Mumbai: Indian shares erased early gains and fell 1.5% on Wednesday, extending losses into a second session, as a weak start to European markets doused risk-appetite and sparked profit-taking.
Energy giant Reliance Industries, outsourcer Infosys Technologies and private-sector lender ICICI Bank led the fall after they had climbed 10-15% over the past week.
The 30-share BSE index ended down 1.46%, or 219.37 points, at 14,843.12, with 26 stocks declining, after rallying as much as 2% at one stage.
The benchmark had shed 0.85% on Tuesday after rising 13.4% over the previous five sessions.
“Investors are taking up short positions, as there are no triggers for the market to go up in the short term,” Sonam Udasi, vice president of research at BRICS Securities, said.
“And valuations are not exactly cheap. Corporate results this quarter are not going to be anything extraordinary and there is no reason for us to trade at a premium.”
Wipro seesawed, retreating from gains of 2.7% to end down 1.5% at Rs451 after the no. 3 outsourcer reported a better-than-expected 12.8% rise in quarterly profit, but joined its bigger rivals in giving a cautious forecast due to uncertainty in the global economy.
Top power-equipment maker Bharat Heavy Electricals Ltd fell 2.9% to Rs2,150.90 after it reported a 23% rise in quarterly profit, but lagged forecasts.

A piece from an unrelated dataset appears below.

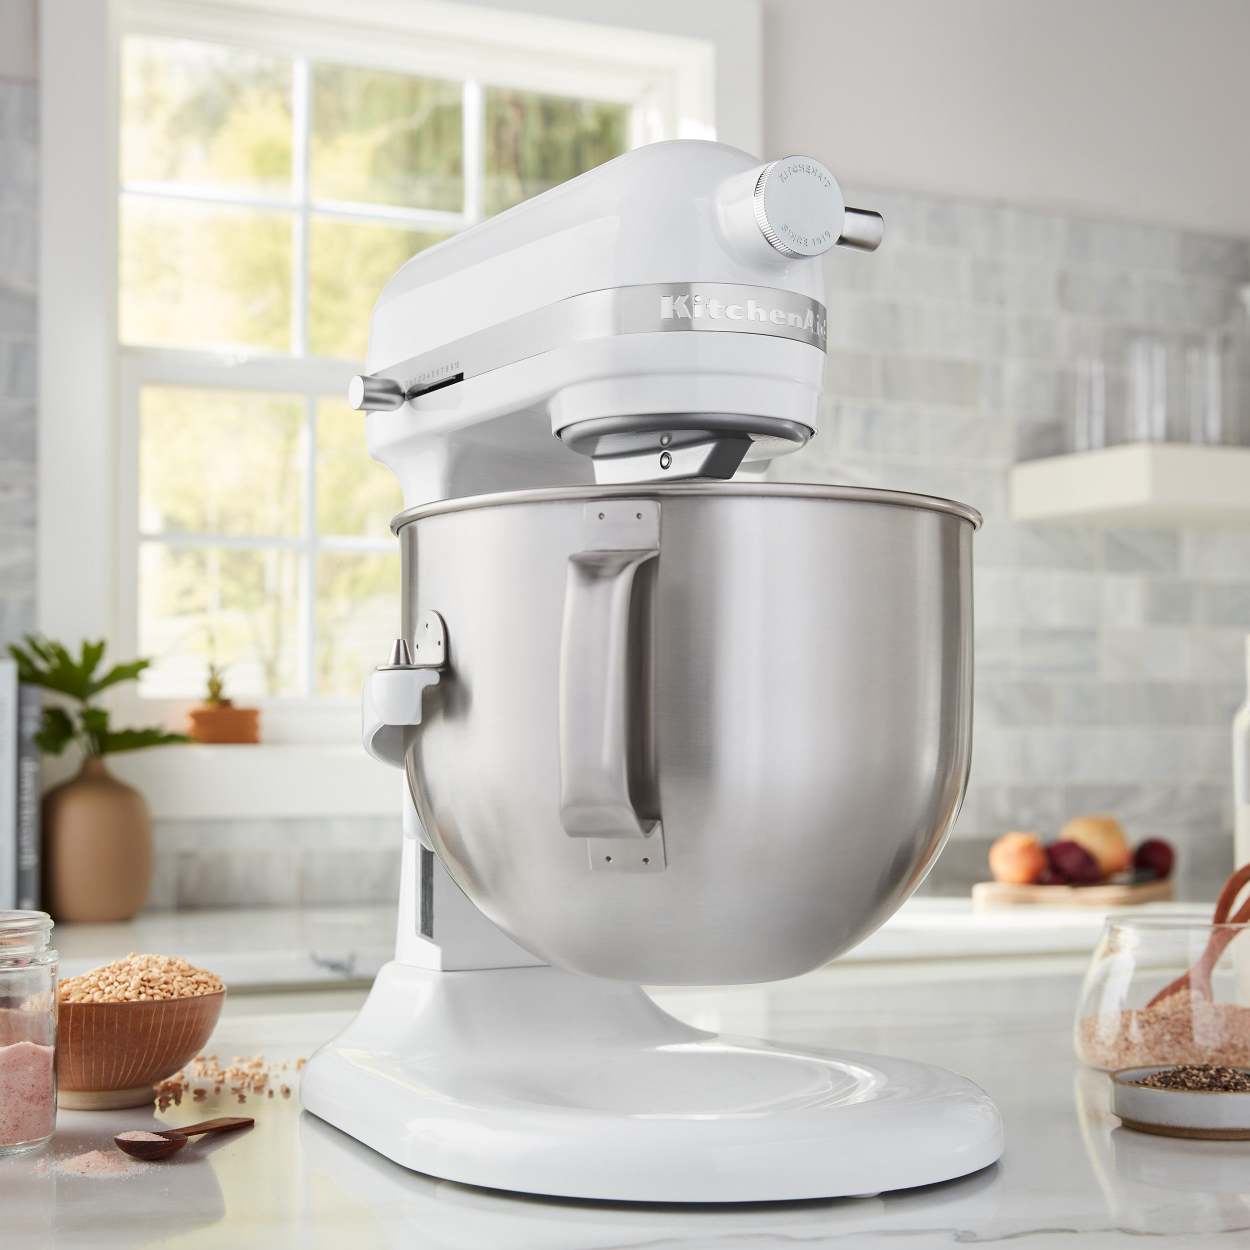 How to Use the KitchenAid Pro Line 7-Qt. Stand Mixer

Leading mortgage lender Housing Development Finance Corp fell 4.4% to Rs2,410.30 after its 20.7% rise in quarterly profit just managed to meet forecasts.
The BSE index has been riding a rally across global equity markets as a flurry of data signals the world economy is on the long road to recovery, spurred by low interest rates and hundreds of billions of dollars in stimulus spending by governments.
“India is playing to the tune of overseas markets, and short-term traders are making hay while the sun shines,” D.D. Sharma, vice president at Anand Rathi Securities, said.
Solid results from companies such as financial firm Goldman Sachs, chipmaker Intel, machinery maker Caterpillar and iPhone maker Apple have also underpinned the rise in equity markets.
The Indian market has outperformed most other major benchmark indexes during the recent rally, stoking concerns about rich valuations.
The BSE index trades at 17 times one-year forward earnings, outstripping benchmarks in other emerging markets such as Brazil, Thailand, South Korea and Indonesia that trade at a multiple of 11-13. Russia is at a forward multiple of just 7.1.
“Longer-term investors like domestic and foreign institutions are not buying at present. There is no reason for them to buy at these levels,” Sharma said.
“There is downside risk to the market.”
There are also worries a raft of equity sales to institutions could draw liquidity away from the stock market.
Analysts said even though the market looks overstretched in the short-term and may be vulnerable to profit-taking, long-term prospects still look bright if corporate results improve and economy growth picks up pace in the latter half of the year.
The Reserve Bank of India (RBI) is expected to hold key rates steady at its policy review next Tuesday as growth begins to show some signs of revival and concerns about rising prices are seen deterring further cuts, a Reuters poll showed.
Still, ICICI Bank fell 1.4% to Rs760.85, while no. 2 IT-services firm Infosys slid 1.2% to Rs1,919.20.
Reliance, India’s largest listed firm with the most weight in the main index, shed 2% to Rs1,977.30.
In the broader market, losers led gainers 1,388 to 1,244 on above-average volume of 464.1 million shares.
The 50-share NSE index fell 1.6% to 4,398.90.
Asian shares were mixed, with Japan’s Nikkei rising 0.7%, while MSCI’s measure of other Asian markets slipped 0.4%.
At 1039 GMT, the FTSEurofirst 300 index of top European shares was down 0.3%, after gaining for seven consecutive sessions.